Similarly, generating a list of even or uneven numbers could be done by using ?SUCHTHAT() macros:

even() -> ?SUCHTHAT(N, integer(), N rem 2 =:= 0).
uneven() -> ?SUCHTHAT(N, integer(), N rem 2 =/= 0).

However, in this specific case it may be faster to use a transform to get there:

even() -> ?LET(N, integer(), N*2).
uneven() -> ?LET(N, integer(), N*2 + 1).

Since these transforms can generate correct data on the first try every time, they will be more efficient than using ?SUCHTHAT. One should be on the lookout for possibilities of reworking a restriction into a transformation.

Another thing to note is that not just guard expressions are accepted in SUCHTHAT macros. For example, the following generator looks for ISO Latin-1^[1] strings by using the io_lib:printable_latin1_list/1 function:^[2], which will let us restrict down the range of string().

latin1_string() ->
    ?SUCHTHAT(S, string(), io_lib:printable_latin1_list(S)).

The problem in this case is that for such generators as string(), the search space is large enough to be fairly ineffective. Generation can become long or fail too often. It then becomes interesting to look at building custom generators probabilistically.
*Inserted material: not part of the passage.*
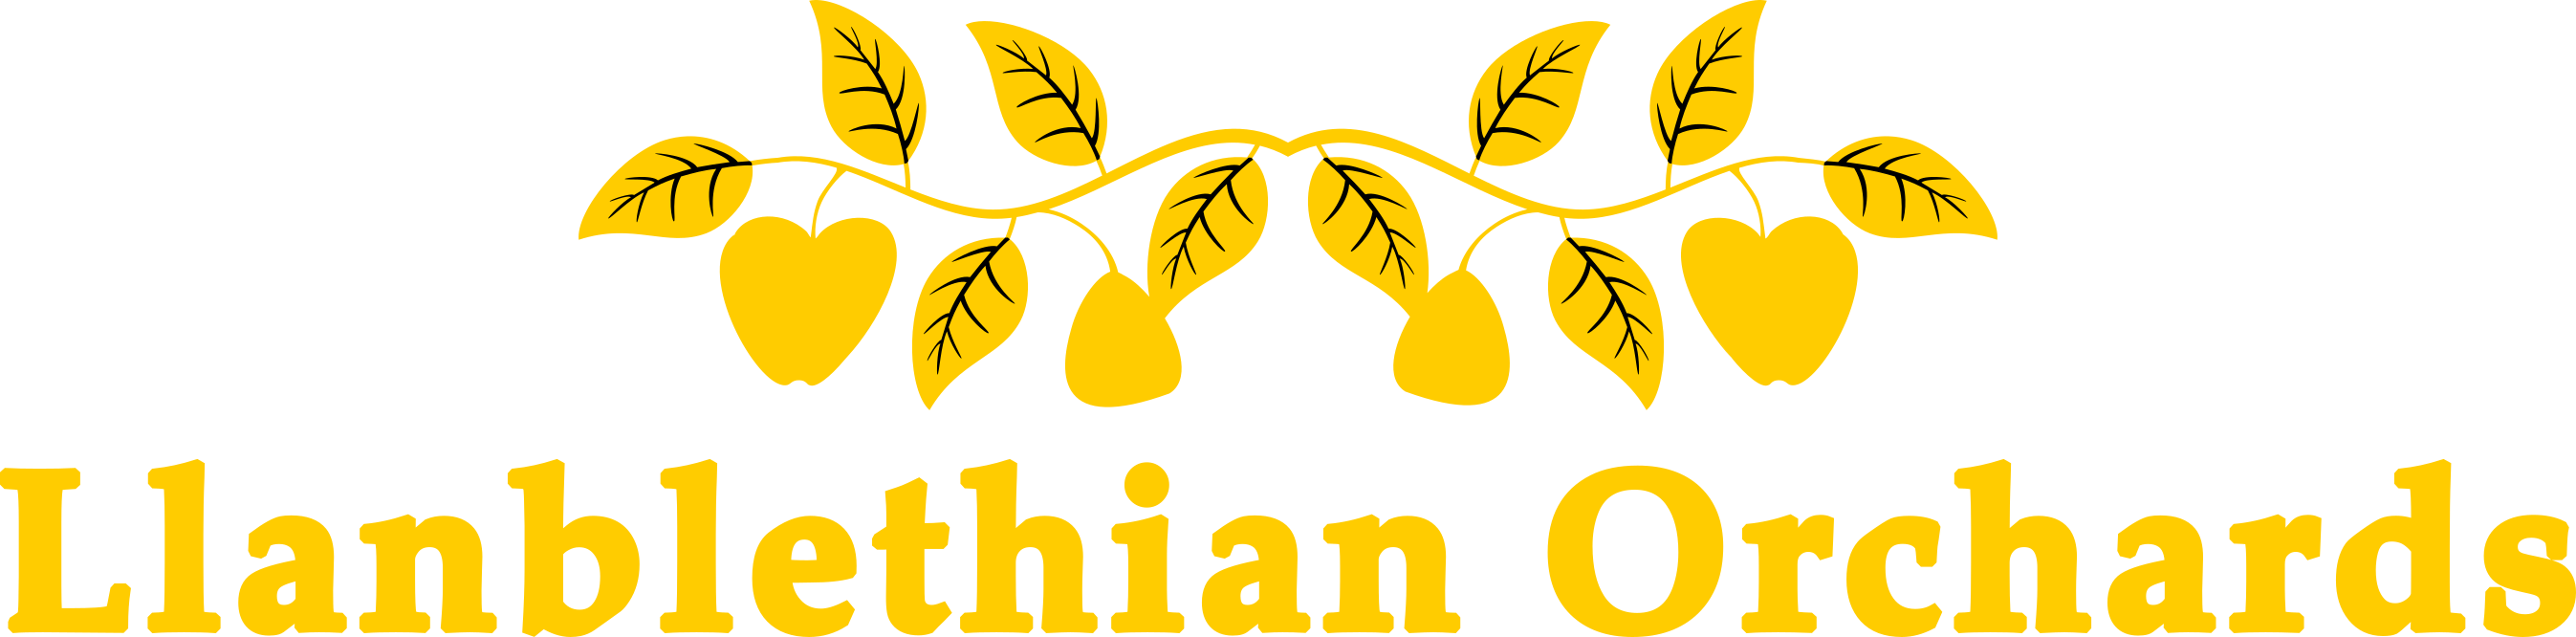 Llanblethian Orchards

5.7. Probabilistic Generators

Most of the default generators introduced in Default Generators tend to strictly return specific data types and are fairly straightforward. A few of them can be parametrized to influence how they work, and one of them specifically sees enough usage to warrant its own section.

The frequency([{N, Types}]) generator is special in that it allows probabilistic distributions of various types and sizes, and ends up being used in a lot of custom generators to allow such control.

The frequency/1 generator will prove especially useful when designing generators for complex data types where a uniform distribution is not desirable. Looking back at strings, the frequency of some characters could be used to make them look more 'realistic'.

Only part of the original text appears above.